In the last month I have been mostly focused on the micro; company specific news flow and intraday trade setups. It feels like there has been a relative lull in market moving macro news flow in the last couple months. However, there is a good chance that the relative lull is about to come to an end as summer transitions into fall.
Let's take a step back and consider the macro environment for a moment.
Over the weekend, I was surprised to see the 30-year fixed rate mortgage above 8.00%:
Simply stated, it hasn't been this difficult to buy a home in the United States since the 1980s.
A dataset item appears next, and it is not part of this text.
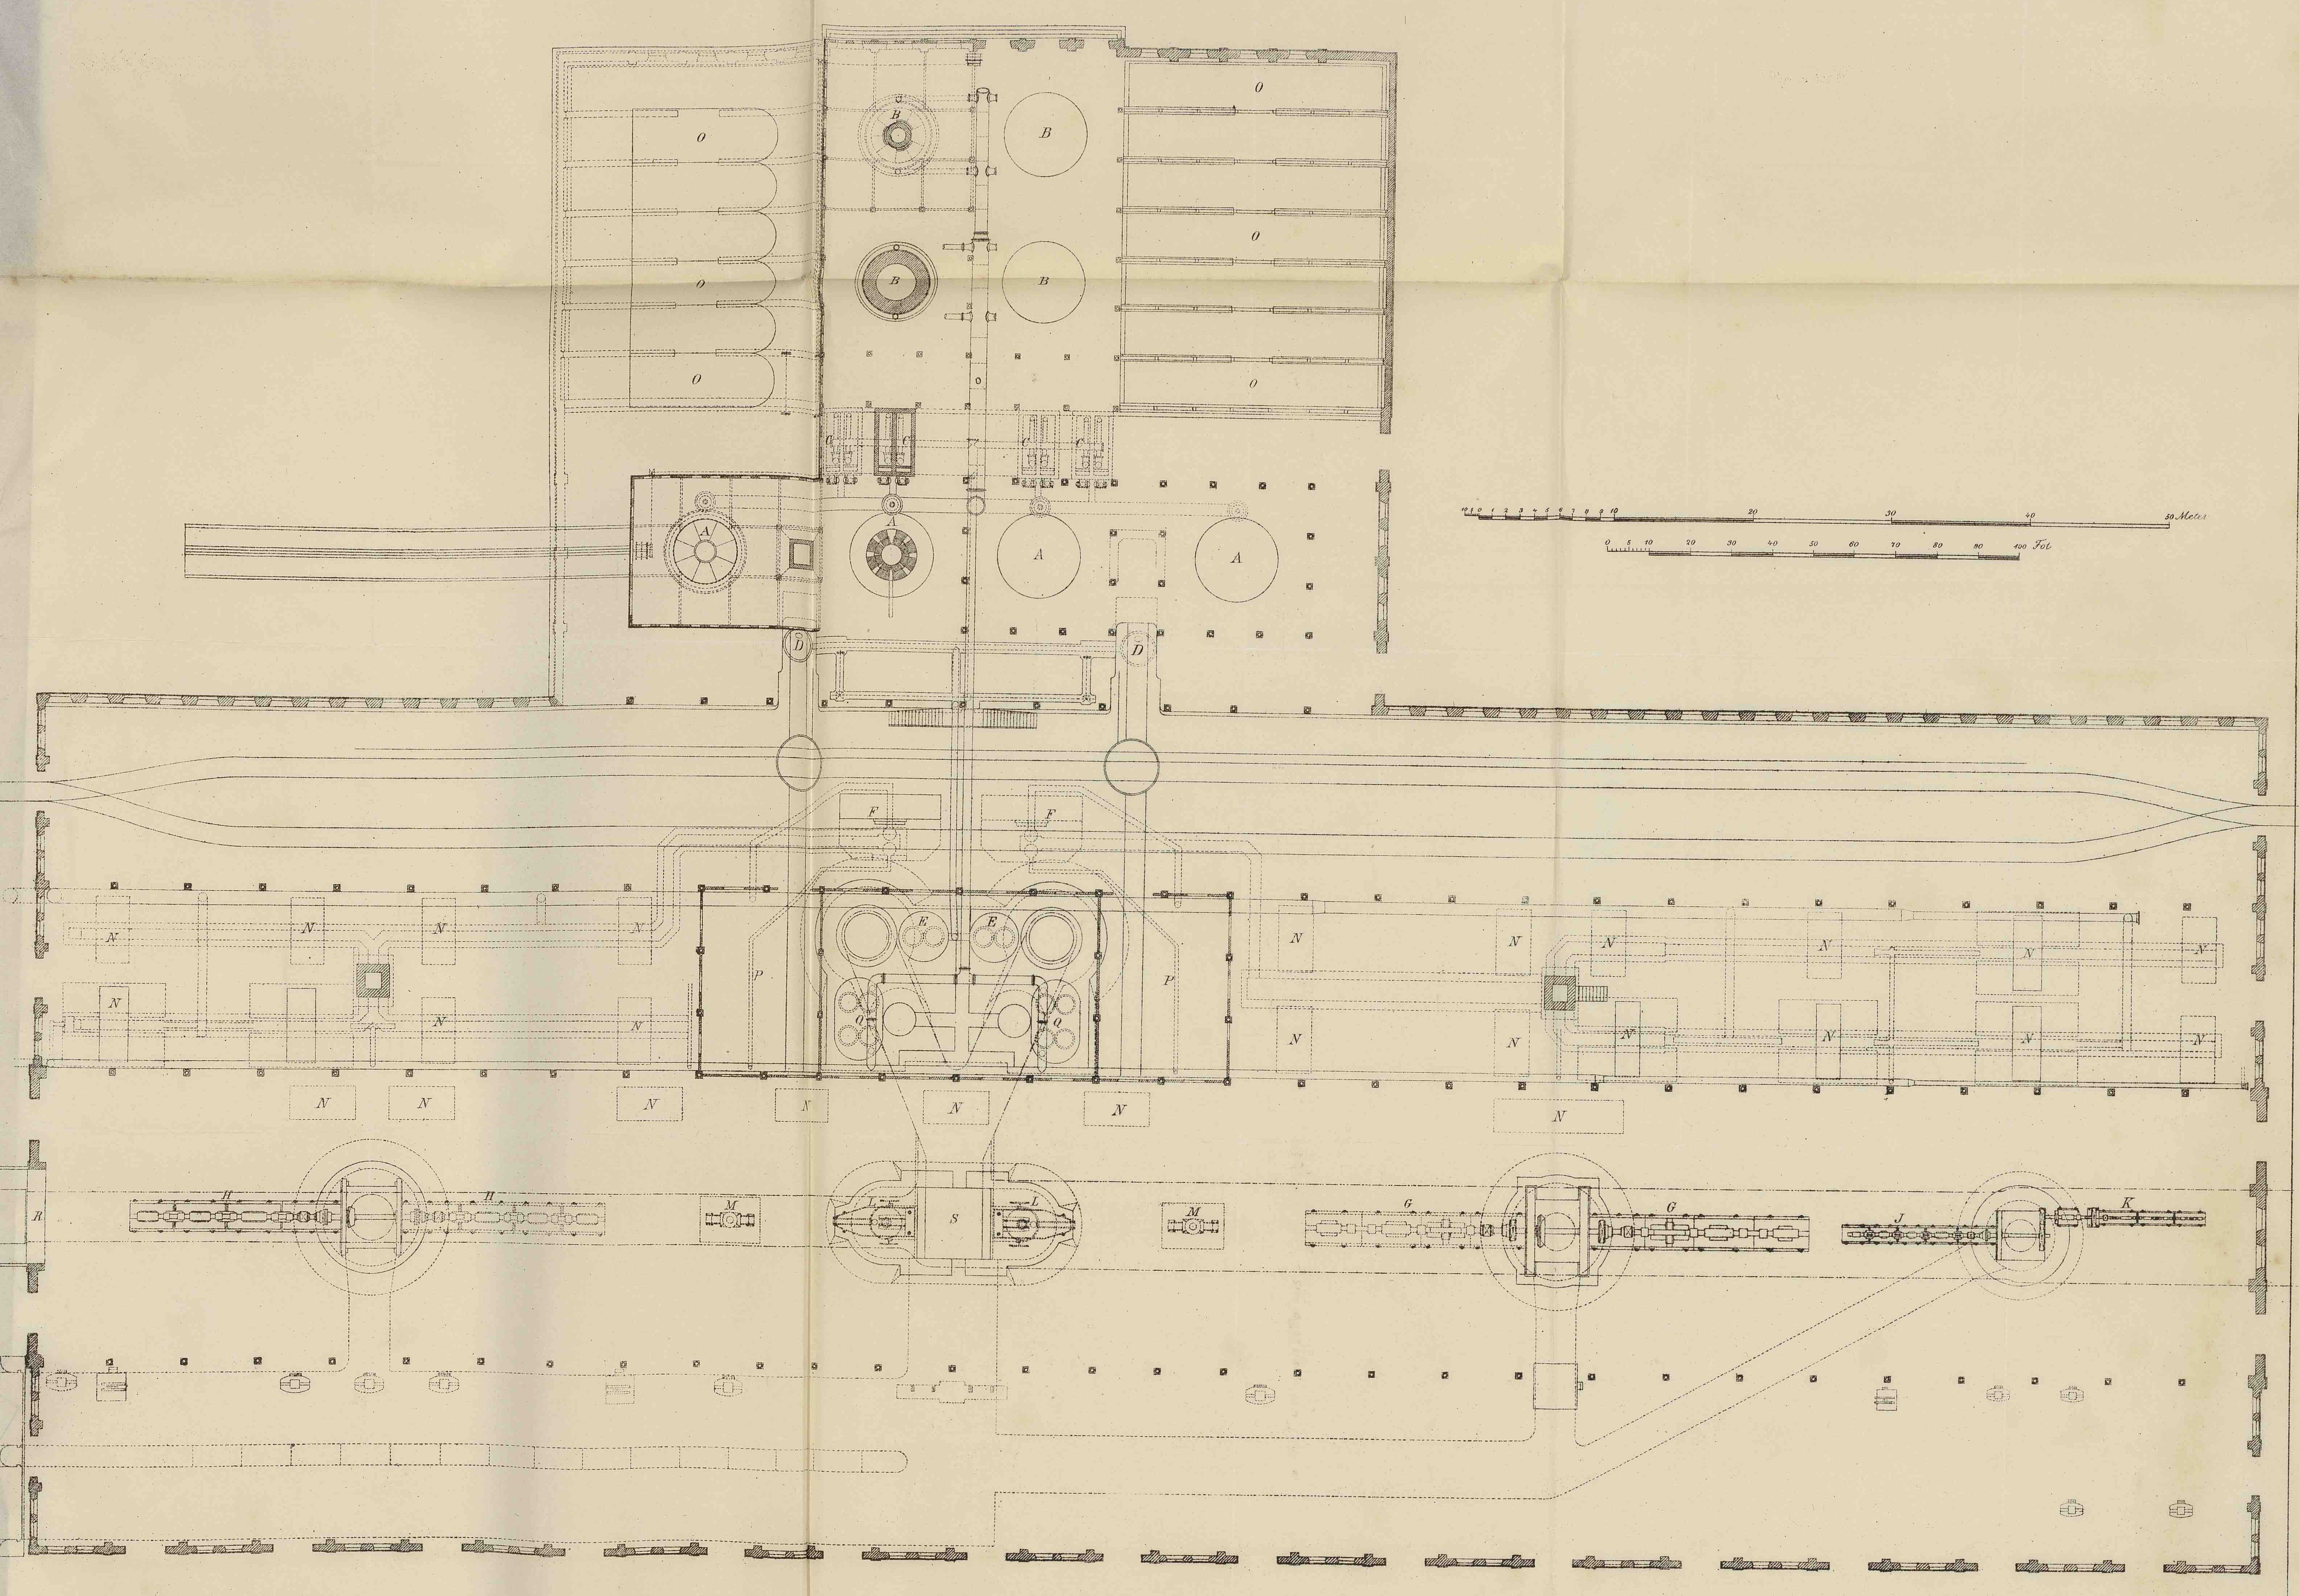 Plan de l’usine de Domnarfvet, Léon Janet, 1883, J 1883 (717)

Meanwhile, this extreme tightening in mortgage lending is occurring against the backdrop of the sharpest decline in the growth rate of M2 Money Supply in history (from extreme expansion to contraction):
We could review dozens of charts that illustrate a hefty tightening of US financial conditions but I will limit it to two charts that perfectly illustrate a strong disinflationary trend that doesn't show any signs of stopping anytime soon:
Disinflation has broadened in recent months and appears well on its way down to 2020 pandemic levels before year end.
Considering the above sharp reversal in core CPI components from high inflation to deflation, it would be unprecedented for either one of the following two things to NOT occur: the economy to avert recession OR the stock market to not at least have a very sharp downturn at some point over the next 12 months.
To be clear, I'm not expecting any major market moves over the next 2-3 weeks. However, I have to wonder how financial markets will escape unscathed during a period in which the US Treasury will continue to dump record debt issuance upon investors, against the backdrop of extremely tight financial conditions. A hotly contested US Presidential Election cycle in 2024 will only serve to create a messier investment backdrop.